The next idea he puts forth is in my opinion the critical piece of the puzzle:   

R is characteristic of the field and can vary a lot depending on whether the field targets highly likely relationships or searches for only one or a few true relationships among thousands and millions of hypotheses that may be postulated.”

To me what this says is that the more carefully we in any given field define what is probable prior to torturing the data, the more chance we have of being correct. Following through on his computation he derives this:

“Since usually the vast majority of investigators depend on α = 0.05, this means that a research finding is more likely true than false if (1 − β)R > 0.05.”

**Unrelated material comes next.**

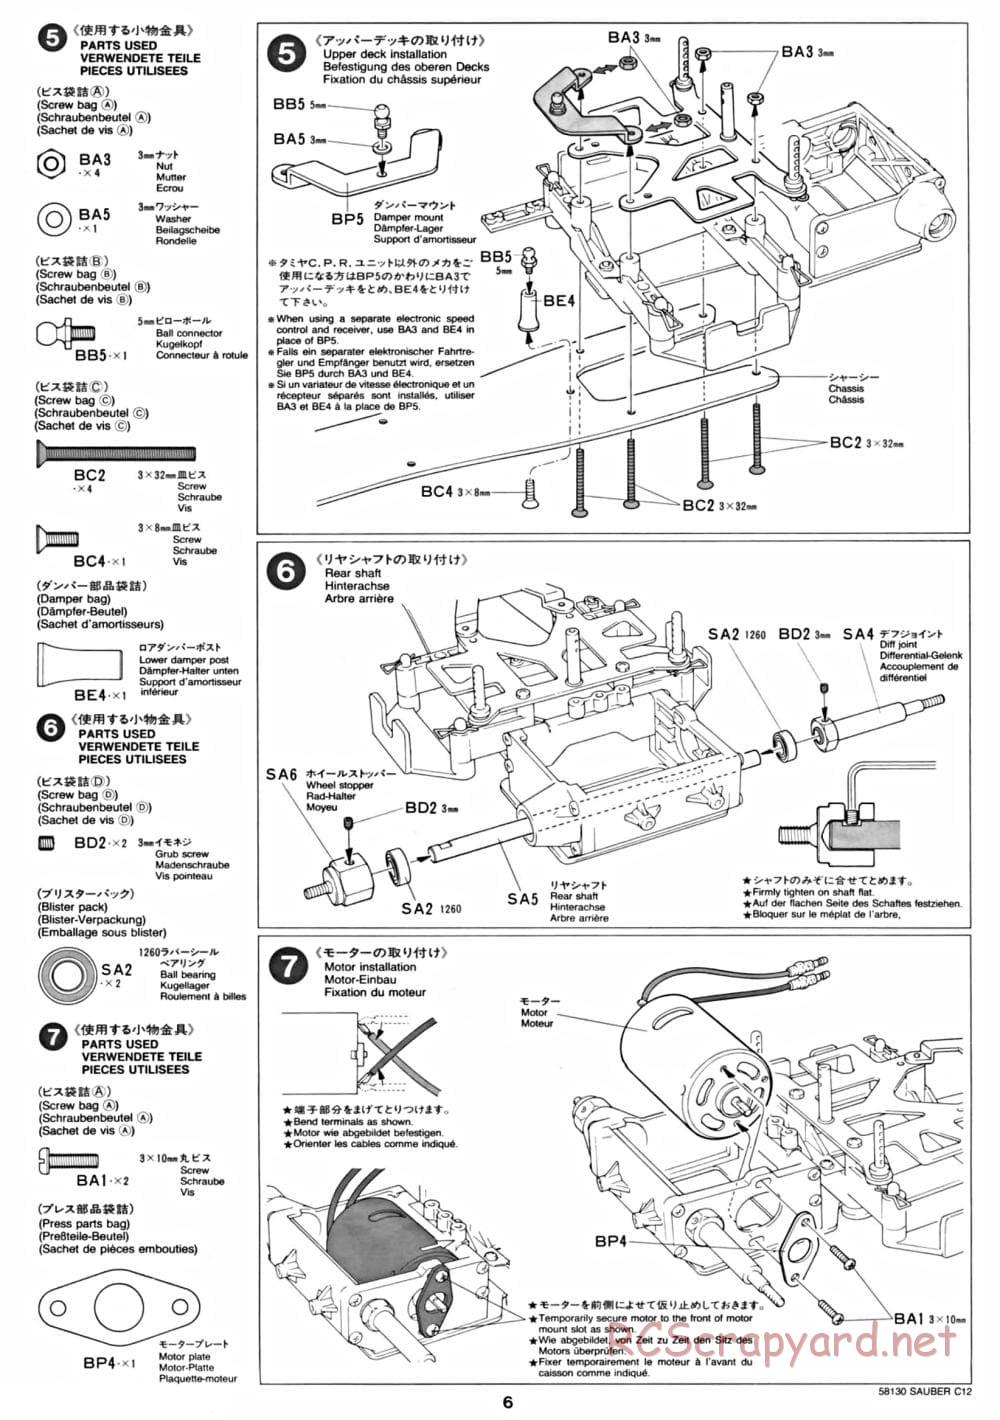 Tamiya - Sauber C12 - F103 Chassis - Manual - Page 6

So, given the conventional β of 0.8, the R has to be 0.25 or greater to meet this threshold. That is 1 of 4 every 4 hypothesized associations in a given field must be correct. This does not seem like and unreasonable proportion if we are invoking a priori probabilities instead of plunging into analyses head first. In the field of genomics, as I understand it, the shotgun approach to finding associations certainly would alter this relationship in favor of a very high denominator, thus making the probability of a real association much lower.

Do I disagree with his assertions about multiple comparisons, biases, fabrication, etc.? Of course not – these are well known and difficult to quantify or remedy. Should we work to get rid of them with more transparency? Absolutely! But does his paper really mean that all of what we think we know is garbage, based on his mathematical model? I do not think so.

As everyone who reads this blog by now knows, I do not believe that we can ever arrive at the absolute truth. We can only inch as close as our methods and interpretations will allow. That is why I am so enamored of Dave deBronkart’s term “illusion of certainty”. I do, however, think that we need to examine these criticisms reasonably and not throw they baby out with the bath water.

I would be grateful to hear others’ interpretations of the Ioannidis’ paper, as it is quite possible that I have missed or misinterpreted something very important. After all, we are all learning.